Let's use $x$ for the width of the first column and $y$ for the width of the second. Then the width of the third column is $W-x-y$ where $W$ is the known sum of the widths.

Then, using the known areas of the cells on the main diagonal, the heights of the three rows are

$$\frac ax,\ \frac by,\ \frac{c}{W-x-y}$$

The height of the complete table is then

$$H = \frac ax + \frac by + \frac{c}{W-x-y}$$

The values of $x$ and $y$ are limited by $0 < x,\ 0 < y,\ x+y < W$ so there are no boundaries.
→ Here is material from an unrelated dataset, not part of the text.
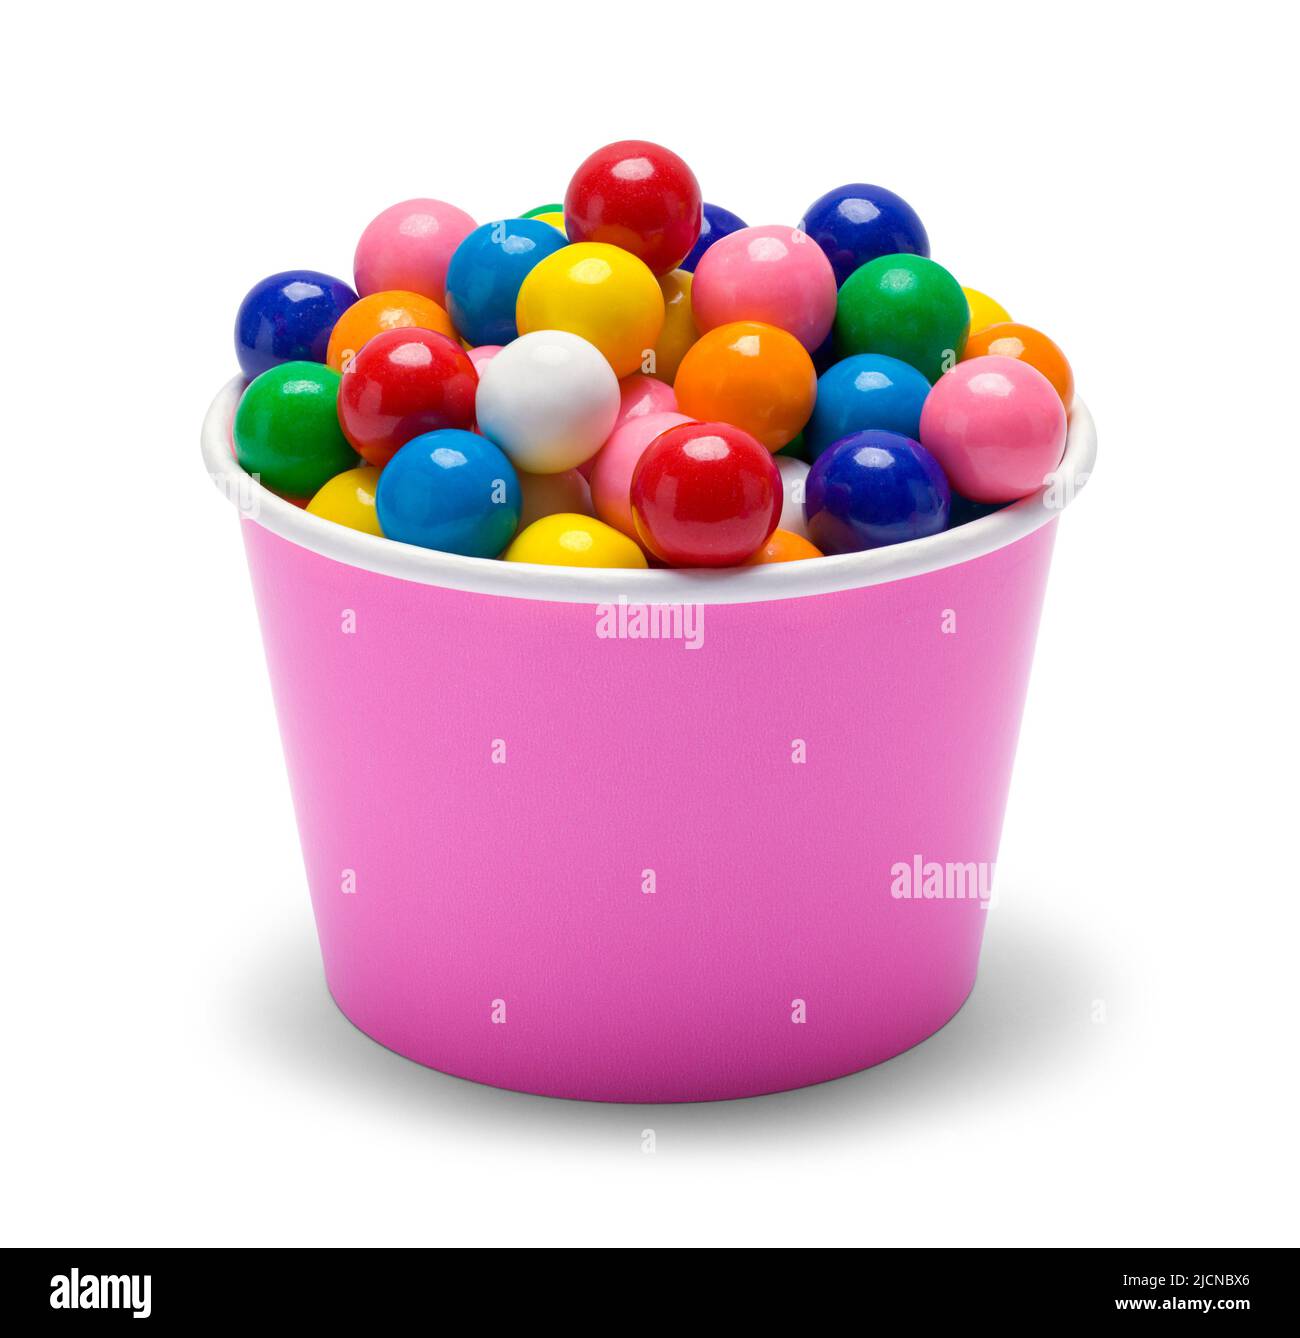 Small Cup of Gum Balls Cut Out on White. Stock Photo

Thus the minimum value of $H$, if one exists, is where the two partial derivatives are zero. So we get

$$\frac{\partial H}{\partial x} = -\frac{a}{x^2}+0-\frac{c}{(W-x-y)^2}(-1)=0 $$

and

$$\frac{\partial H}{\partial y} = 0-\frac{b}{y^2}-\frac{c}{(W-x-y)^2}(-1)=0 $$

So we get

$$\frac{c}{(W-x-y)^2}=\frac{a}{x^2}$$

and

$$\frac{c}{(W-x-y)^2}=\frac{b}{y^2}$$

Equating the two right-hand sides and solving yields

$$y=\sqrt{\frac ba}x$$

We now are down to only one independent variable, $x$. You substitute the expression for $y$ into either of the two expressions for $\frac{c}{(W-x-y)^2}$ and solve for $x$. Finally, you substitute that expression for $x$ into the formula for $H$ and get your final answer. But a shorter way is to see that the problem is symmetric in $a, b, c$ and we could have set $x$ and $y$ to the first and last columns. Following our work above would then yield

$$z=W-x-y=\sqrt{\frac ca}x$$

I'll let you finish from here, as in the bulk of @Henry's answer. Note that the intuition of @Henry regarding the proportions of each column/row is correct: $\sqrt a: \sqrt b: \sqrt c$.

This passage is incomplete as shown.